It’s not rocket science - by Saul Feldman

February 05, 2016 - Front Section
Saul Feldman, Feldman Law Office Saul Feldman, Feldman Law Office

Our courts in Massachusetts have held since 1991 that an apartment building must be assessed as an apartment building because a condominium conversion value of a taxpayer’s property was speculative. The 1991 case is Board of Assessors of Newton v. Michael F. Iodice, Trustee (29 Mass. Appeals Court 1014). I was the attorney for the taxpayer.

The Appellate Tax Board has also held that assessing an apartment building as an apartment building is correct even if the owner recorded a master deed that made the building legally a condominium.

However, some assessors are still trying to assess the individual units in the building as condominium units even though the units have never been conveyed to condominium unit purchasers.

The assessors apparently do not believe the many cases that say the assessors cannot legally do this!

To make things easier for the assessors, an owner of such a building should terminate the condominium by recording a “Termination (Removal) of Condominium” pursuant to Section 19(a) of Chapter 183A, the Massachusetts Condominium Statute.

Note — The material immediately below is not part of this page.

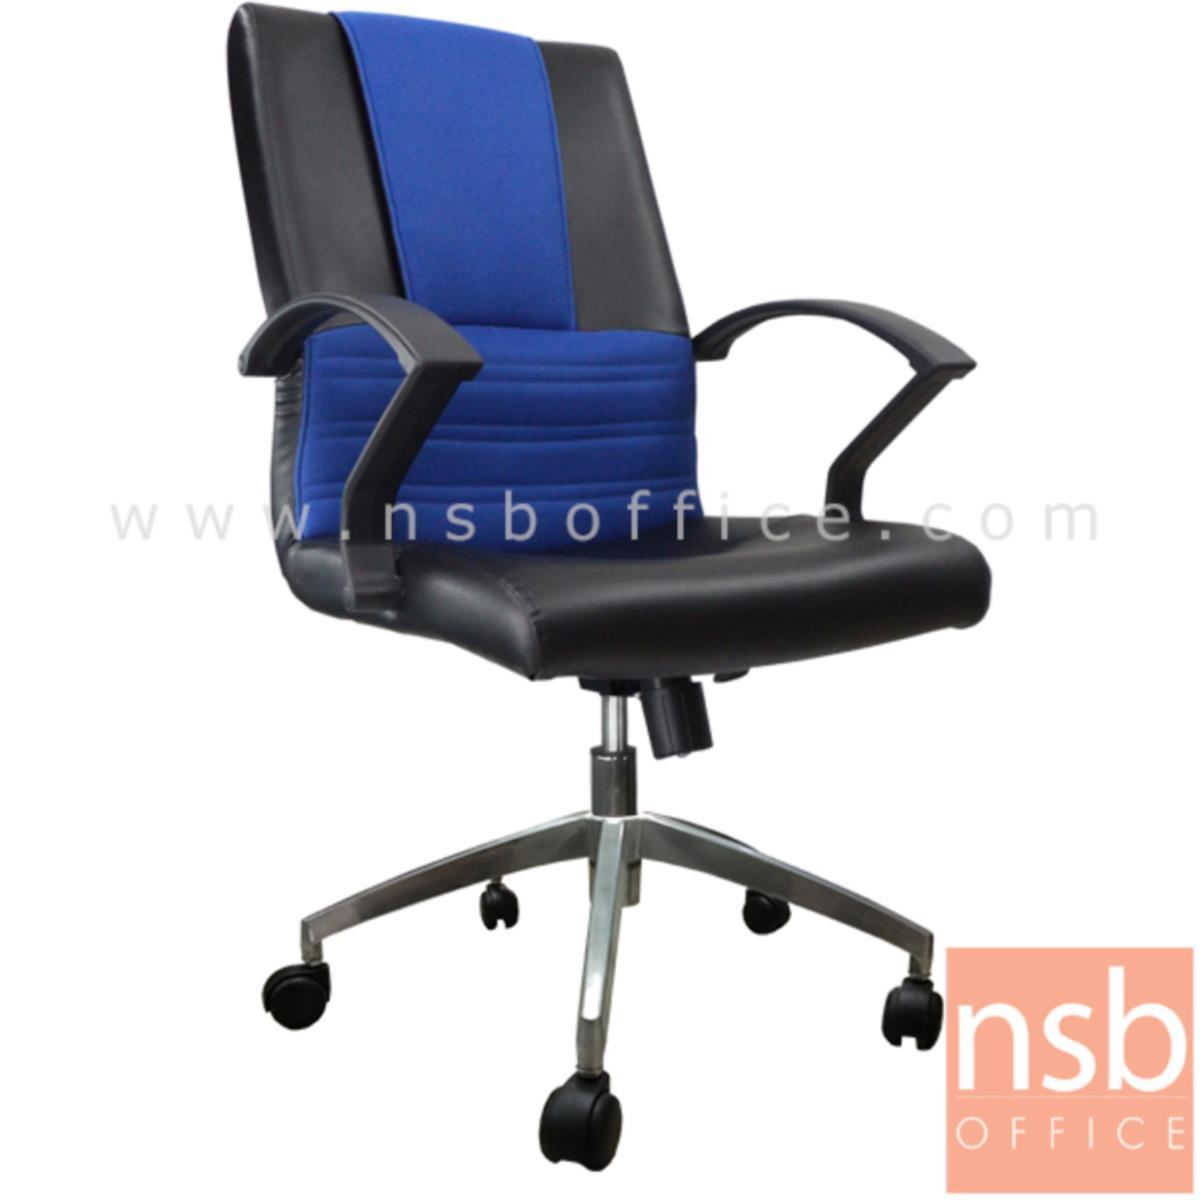 B03A328:เก้าอี้สำนักงาน รุ่น Germanotta (เจอร์มาน็อตตา)  โช๊คแก๊ส มีก้อนโยก ขาเหล็กชุบโครเมี่ยม
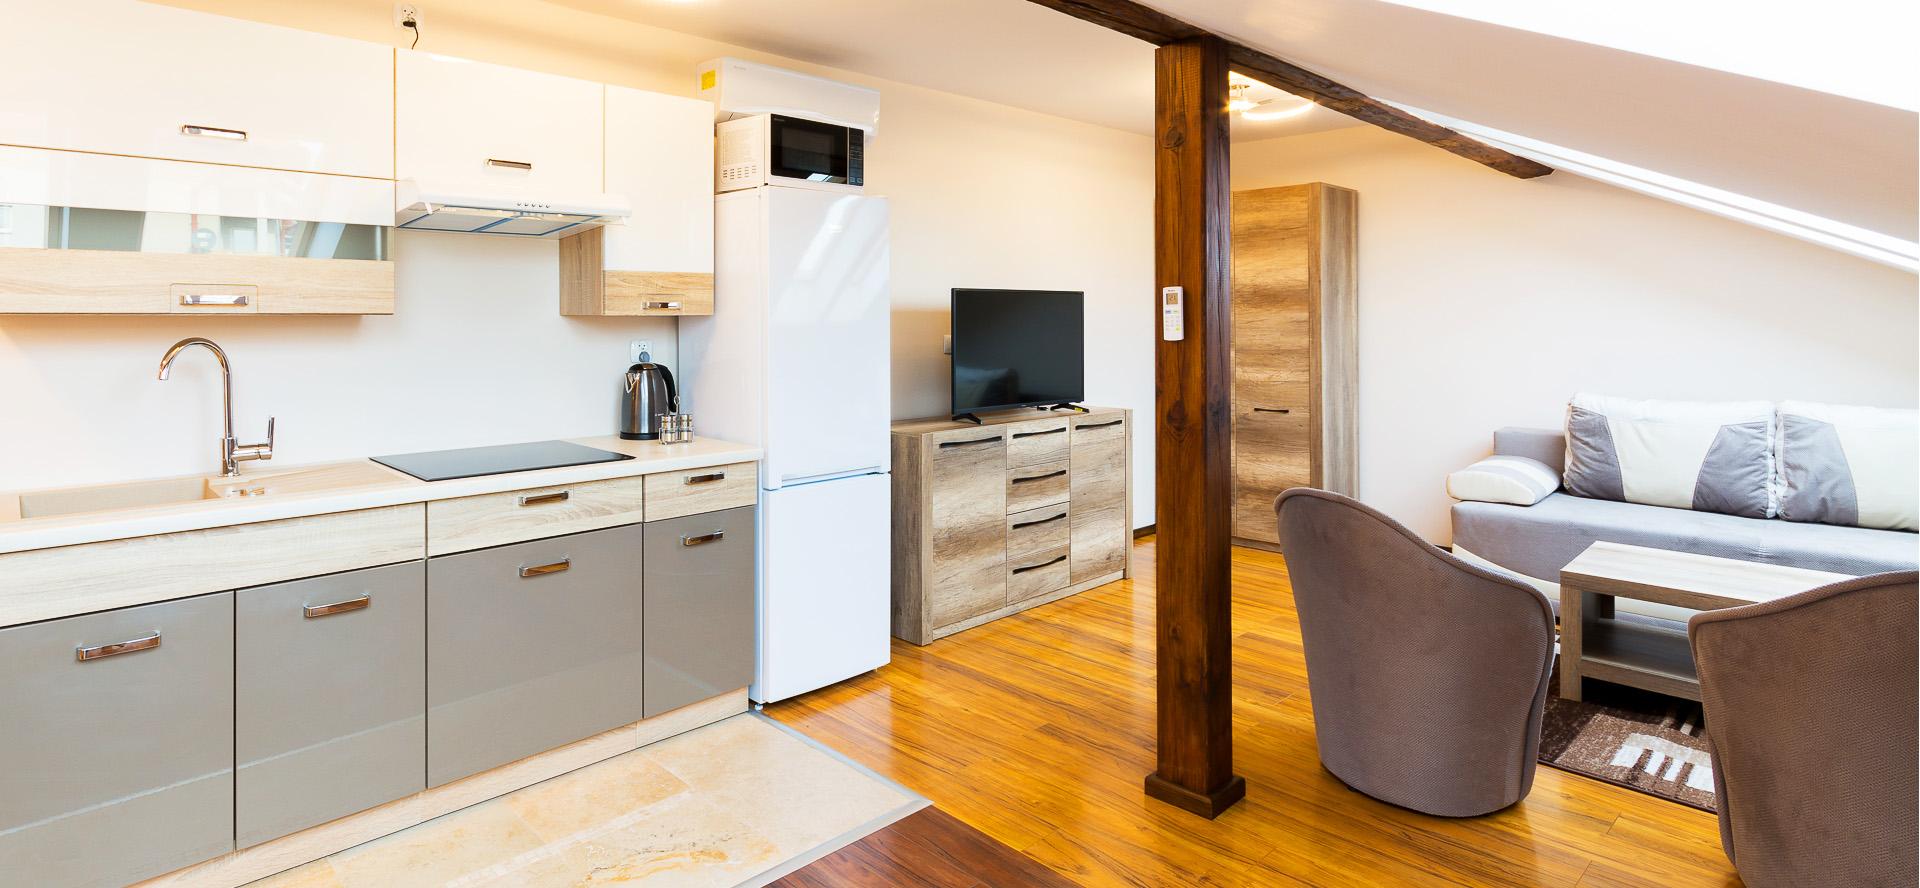 Witamy w Apartamentach Galicja

As the owner of the building owns one hundred percent (100%) of the “units” and has a mortgage to a lender that covers all of the “units,” the Termination of Condominium is easily done by the owner with the consent of the lender.

The mortgage should be amended to change the property description from a list of the units to a metes and bounds description of the lot on which the apartment building is located.

It’s not rocket science.

Saul Feldman is a real estate attorney with Feldman Law Office, Boston, Mass.